Small owner signature to lower comer of title page. With laid-in partial leaf (2¾ by 6¼ inches) printed on the recto: “The Autograph Collection of American Historical Interest. Collected by the Late Emil Edward Hurja.” The Hurja collection was auctioned on April 27, 1954. Alfred J. Liebmann acquired it, and included it in an article about his own collection (“Presidents and Books,” in Manuscripts): “[Madison] was a great reader and earnest collector, especially of historical material. My Madison item, A History of the Dutch Republic, belongs in this category.”


Text generally fresh with light scattered foxing, expert restoration to inner margins of half title and title page.

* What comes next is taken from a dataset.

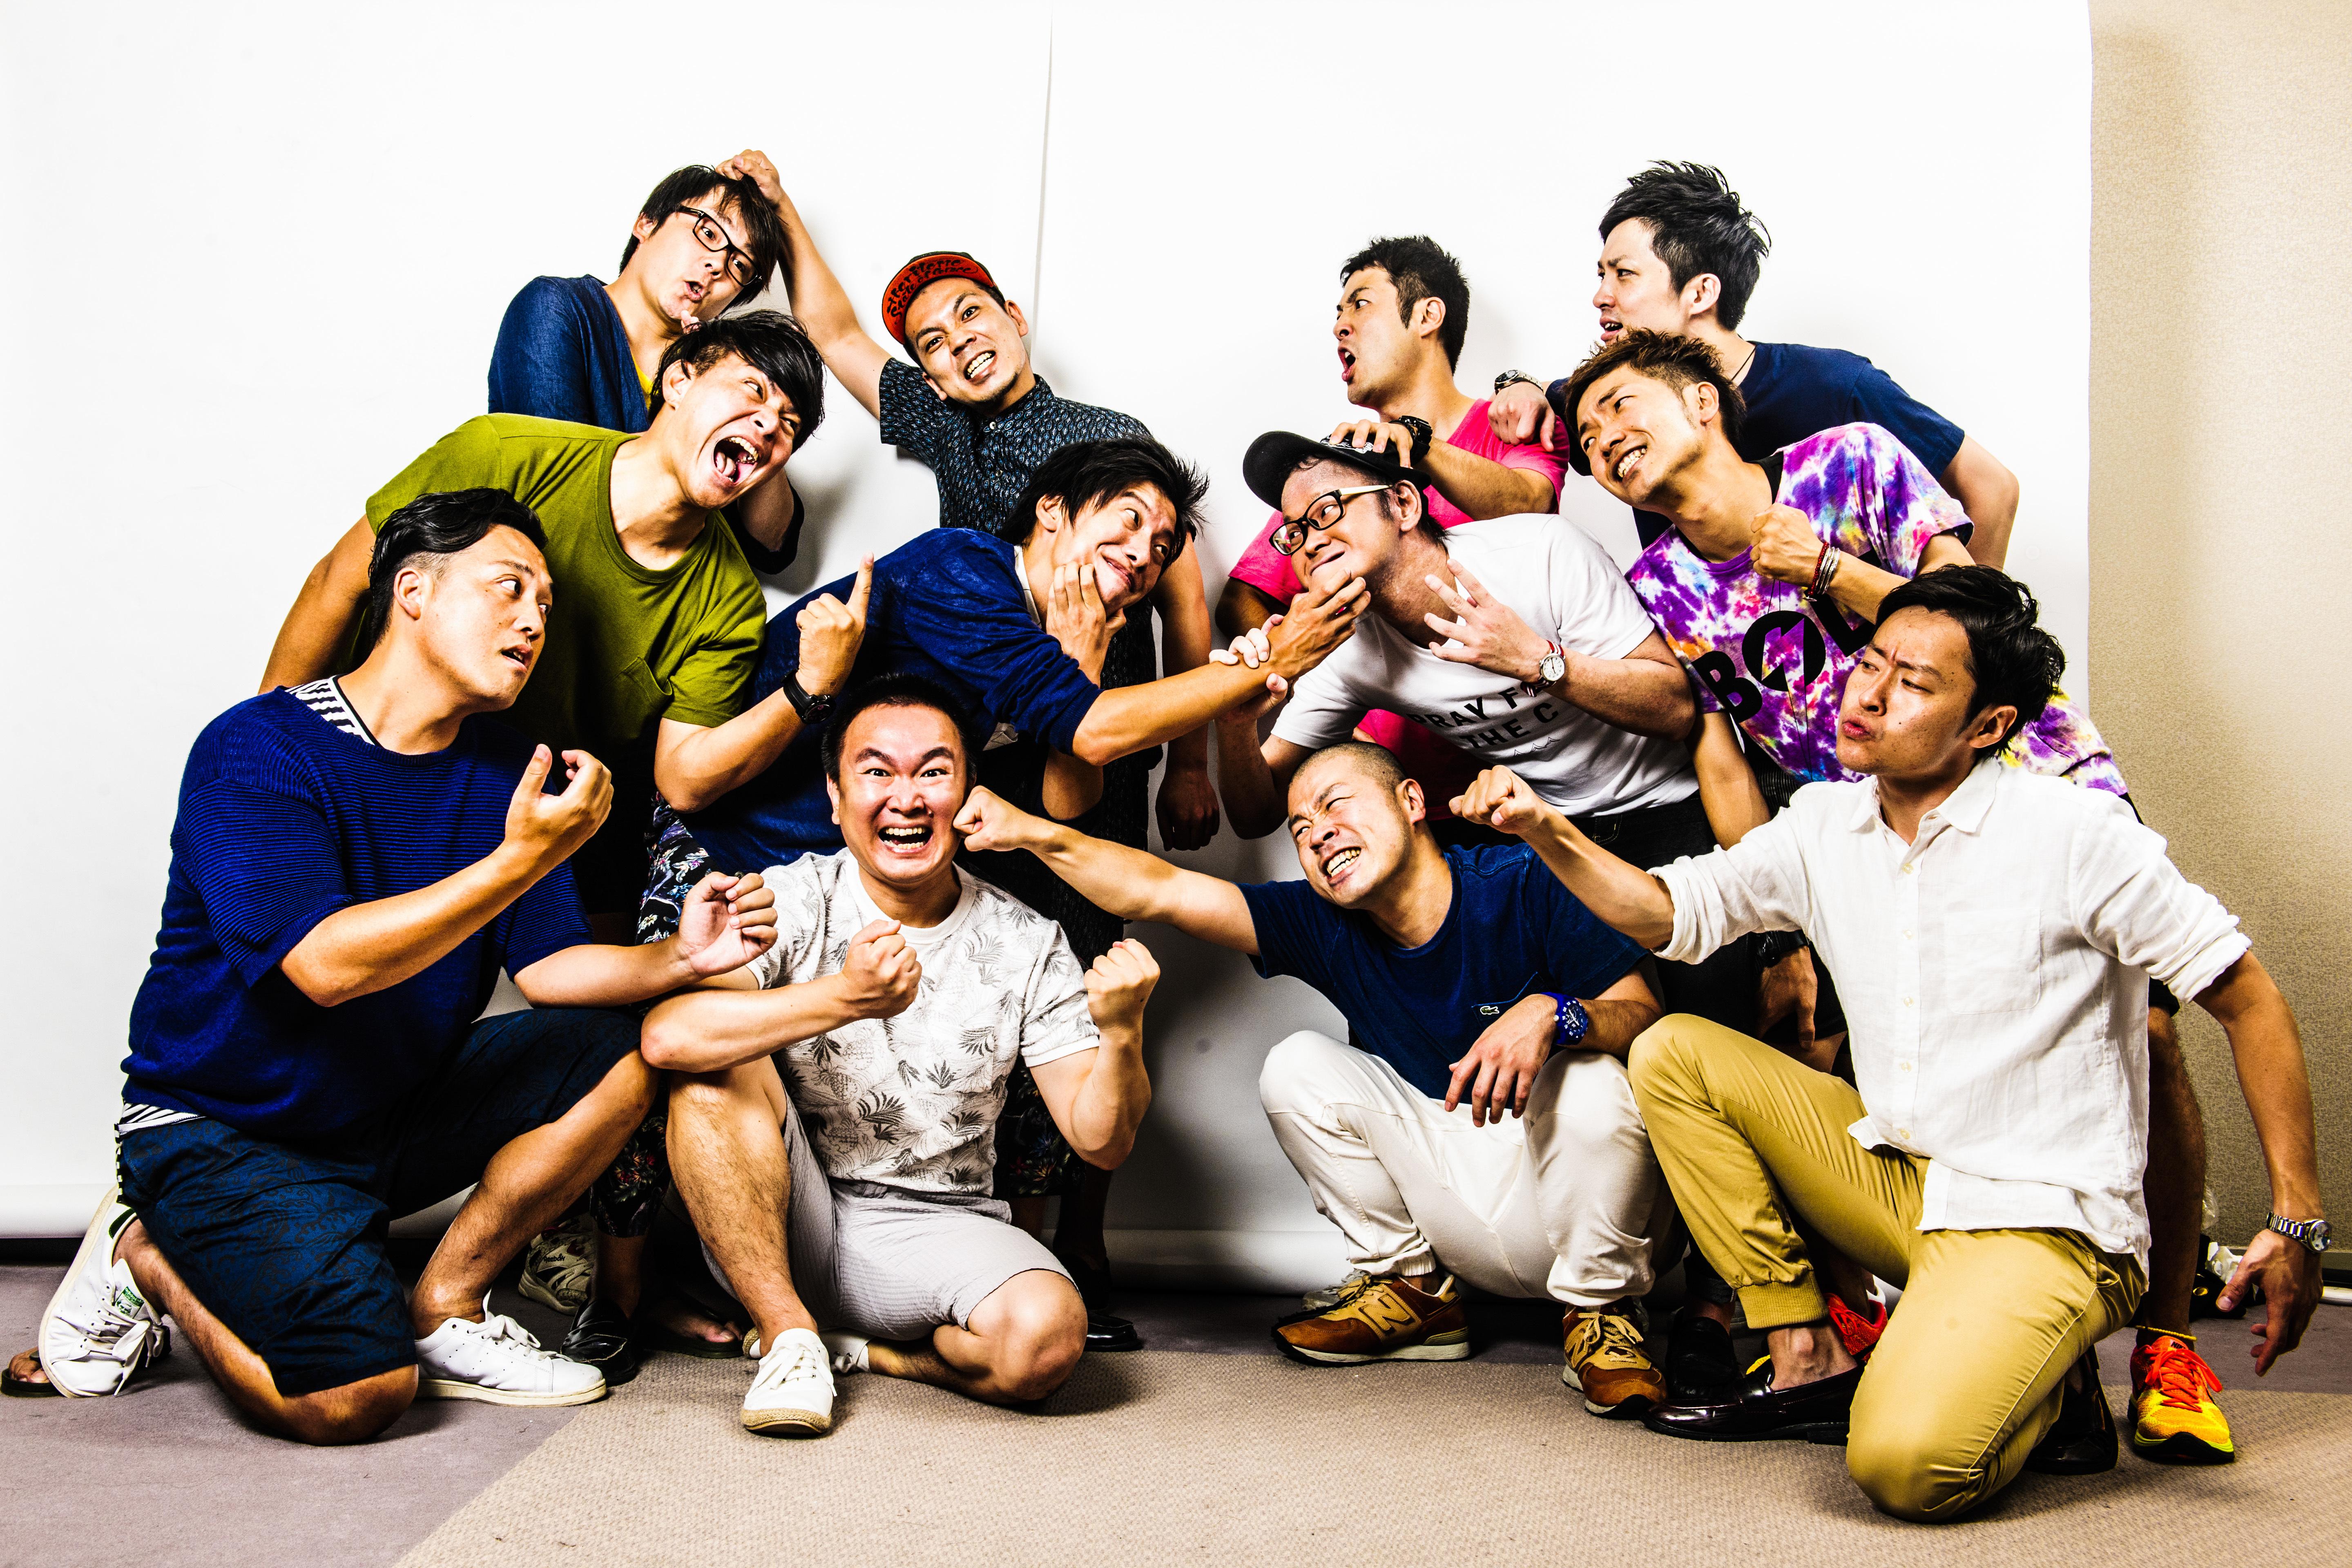 http://www.syumatsu.jp/photos/uncategorized/2015/08/25/20150825130623-256a38a4974532b2154ba52d71b6c9d1409739c3.jpg

An extremely rare and desirable signed association copy.

[1] Robert A. Rutland, James Madison: The Founding Father (New York: Macmillan, 1987), 176.

[2] Ephraim Douglass Adams, The Influence of Grenville on Pitt's Foreign Policy, 1787-1798 (London: Forgotten Books, 2016 reprint), 77.

[3] James Harris, An Introduction to the History of the Dutch Republic, for the Last Ten Years, Reckoning from the Year 1777 (London: G. Kearsley, 1788), 286.

[4] A. London Fell, Origins of Legislative Sovereignty and the Legislative State: Volume Six, American Traditions and Innovation with Contemporary Import and Foreground, Book I: Foundations, to Early 19th Century (Santa Barbara, CA: Praeger, 2004), 180.

[5] Matthew G. Hyland, Montpelier and the Madisons: House, Home, and American Heritage (Mount Pleasant, SC: Arcadia Publishing, 2007), 67.

[6] David B. Mattern and Holly C. Shulman, eds., Selected Letters of Dolley Paine Madison (Charlottesville: The University of Virginia Press, 2003), 324.

[7] John S. Patton, Jefferson, Cabell and the University of Virginia (HardPress Publishing, 2013 reprint), 30; Rutland, James Madison, 189.

[8] Samuel Halkett and John Laing, A Dictionary of Anonymous and Pseudonymous Publications in the English Language [edition unknown], 1245.